Music of the future 0725

Is the dream of hydrogen over?

The dream of hydrogen as the engine of a new, sustainable economy, e.g. in the production of so-called "green" steel? The enthusiasm that has been so great in recent years seems to be fading. Take ArcelorMittal, for example, one of the world's largest steel manufacturers. Five years ago, the company issued a press release stating that it wanted to invest in new production technologies in order to become climate-neutral by 2050. The direct reduction of iron ore with natural gas, which has been tested at the Hamburg site, is therefore to be realized with hydrogen in the future - initially via steam reforming of natural gas until sufficient green hydrogen is available to produce steel in a climate-neutral way.

The plan is to produce 100,000 tons of steel using hydrogen as early as 2025. A win for the environment, because hydrogen in the DRI (Direct Reduced Iron) process can be used to produce steel almost_CO2-free- hydrogen is a real game changer for the decarbonization of the steel industry [1].

On June 19 of this year, the Luxembourg steel giant admitted the failure of this plan: "It is becoming increasingly clear that the energy transition is progressing more slowly than expected in all areas. This includes the fact that green hydrogen is not yet a viable energy source and that natural gas-based DRI production is not competitive as a transitional solution." [2]

The withdrawal means that ArcelorMittal Germany is foregoing billions of euros in public funding for the implementation of the new technology - "but even with the financial support, the economic viability of this conversion is not sufficient," summarizes Geert Van Poelvoorde, CEO of ArcelorMittal Europe.

Green hydrogen

The idea of anchoring green hydrogen as a cornerstone of the energy transition arose from two key findings:

• Many applications cannot be directly electrified - be it in heavy industry, shipping, aviation or blast furnaces. Green hydrogen, produced by electrolysis with electricity from wind and sun, can replace fossil fuels in these sectors and thus enable significant_{CO2 reductions}. Due to this potential, it has been considered a key technology for a climate-neutral energy system since the mid-2010s, which is reflected in the EU hydrogen strategy and Germany's national hydrogen strategy.
• The expansion of renewable energies has brought with it the problem of generation peaks and dark doldrums. Green hydrogen makes it possible to convert surplus electricity from wind and solar parks into chemical energy, store it and call it up again with a time delay (power-to-gas). This flexible storage and transportation function has made it an indispensable component of a supply based on 100% renewable energies.

However, the technological transition to a hydrogen economy based on green hydrogen is not progressing as quickly as politicians would like in view of ambitious climate targets and the desire for a resilient energy supply.

Fig. 1: Overview of challenges and interactions in the ramp-up of a hydrogen economy in Germany (graphic: VDI)

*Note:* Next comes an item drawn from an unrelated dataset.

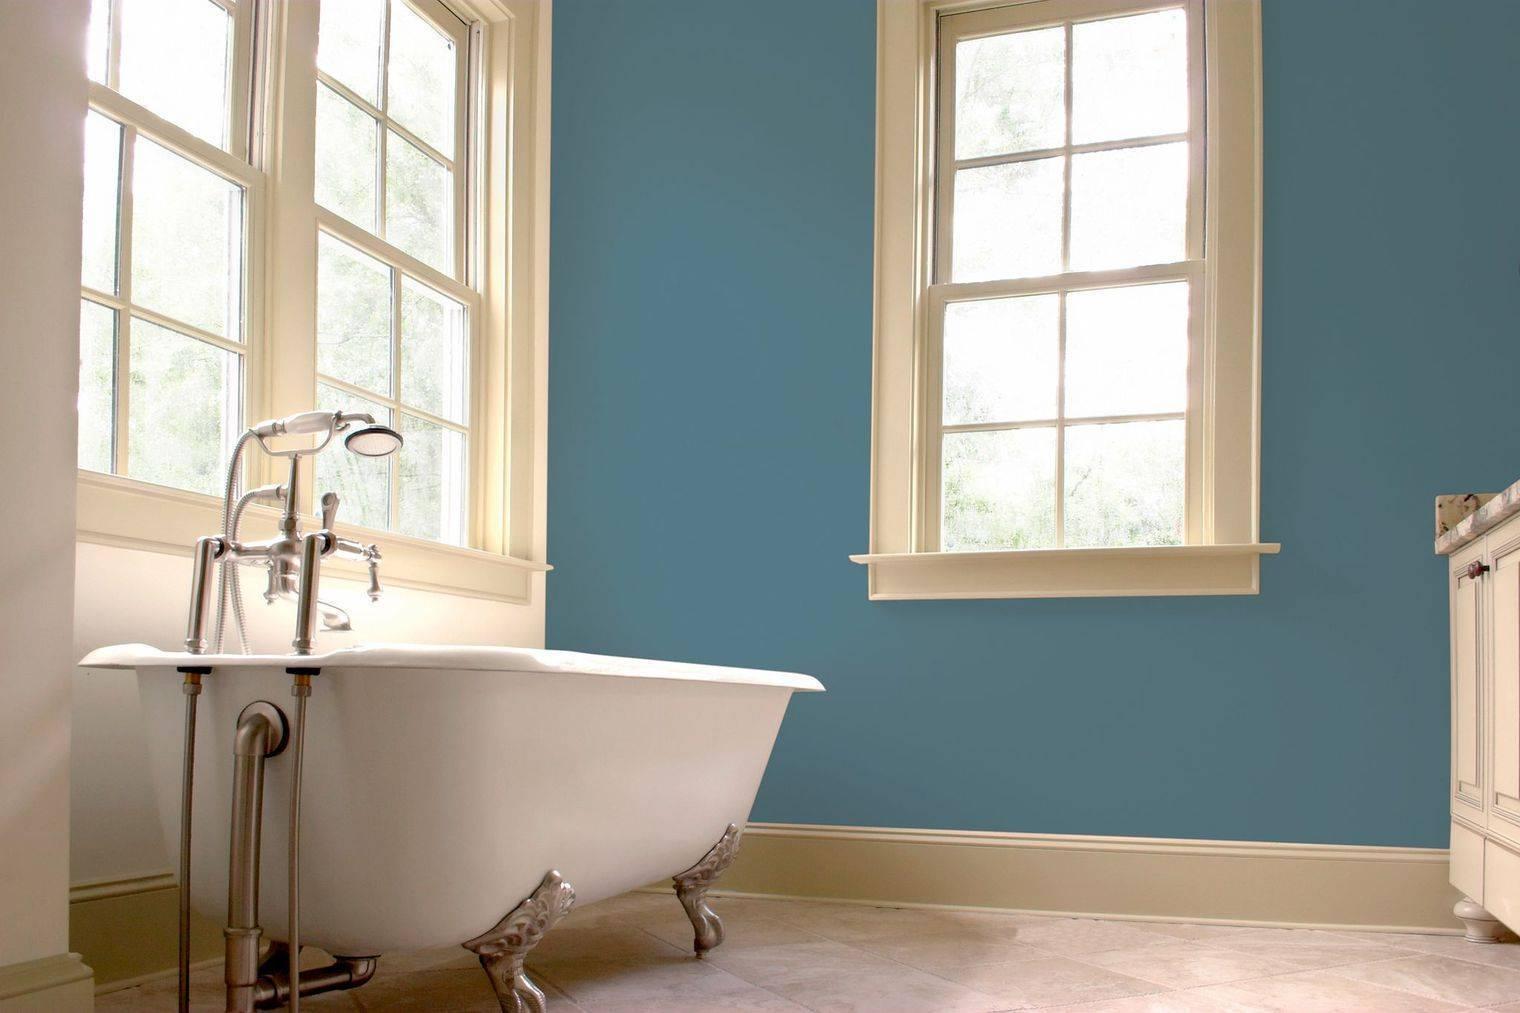 Что делать с потолком в ванной: побелить или покрасить?

In April of this year, the Association of German Engineers (VDI) called for more "pragmatism instead of overregulation" in the ramp-up of hydrogen. Despite clearly formulated goals for the promotion of green hydrogen by the German government, too little has happened in practice so far. "Although the coalition agreement contains some positive signals - including faster approval procedures - many things are still too vague. For example, the further promotion of hydrogen use and production by reducing the tax burden," criticizes VDI Director Adrian Willig. And Michael Sterner, professor at OTH Regensburg and VDI hydrogen expert, recognizes a "chicken and egg problem" during the ramp-up: "Both potential producers and users of green hydrogen and its derivatives are confronted with substantial purchase and supply risks as well as high revenue risks." VDI Director Adrian Willig confirms: "We now need coordinated political support that specifically addresses both risks - beyond 2030."(Fig. 1)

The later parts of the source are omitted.